### Supplied data
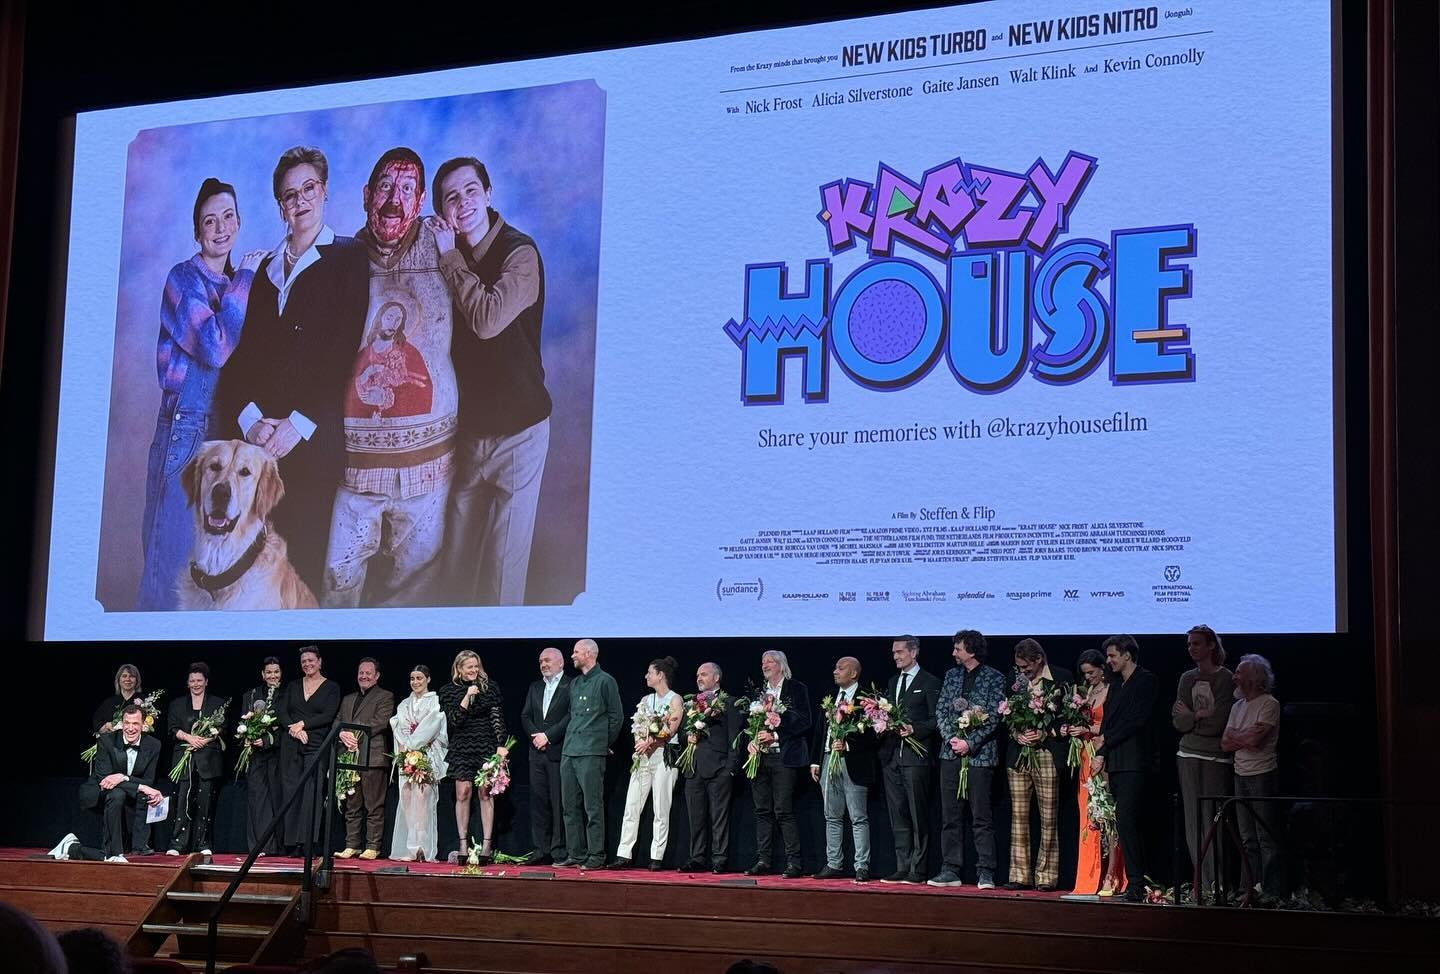 &ldquo;Krazy House&rdquo; hits Dutch cinemas on May 16th after its premiere at @sundanceorg. We contributed to this film as VFX-supervisors and -artists. &nbsp;
&nbsp;
Starring Nick Frost and Alicia Silverstone, this film is a dark parody of 80s and 
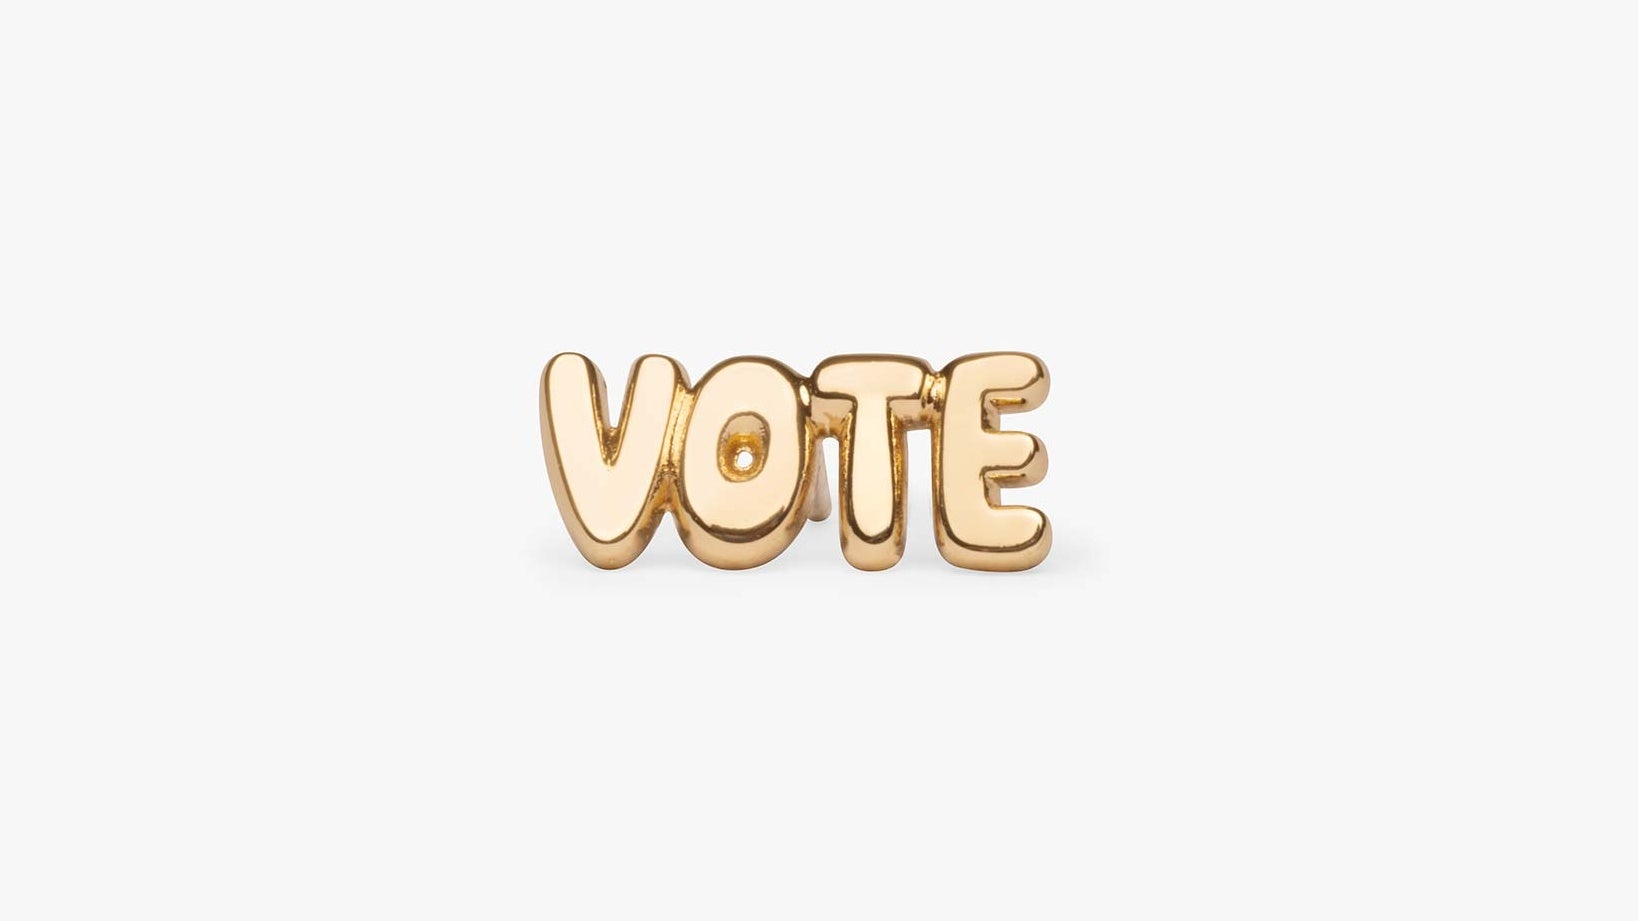 Studs X When We All Vote Partner For Vote Capsule Collection

### Problem statement
Copy every line above word for word and exclude the pictures.

### Result
 &ldquo;Krazy House&rdquo; hits Dutch cinemas on May 16th after its premiere at @sundanceorg. We contributed to this film as VFX-supervisors and -artists. &nbsp;
&nbsp;
Starring Nick Frost and Alicia Silverstone, this film is a dark parody of 80s and 
 Studs X When We All Vote Partner For Vote Capsule Collection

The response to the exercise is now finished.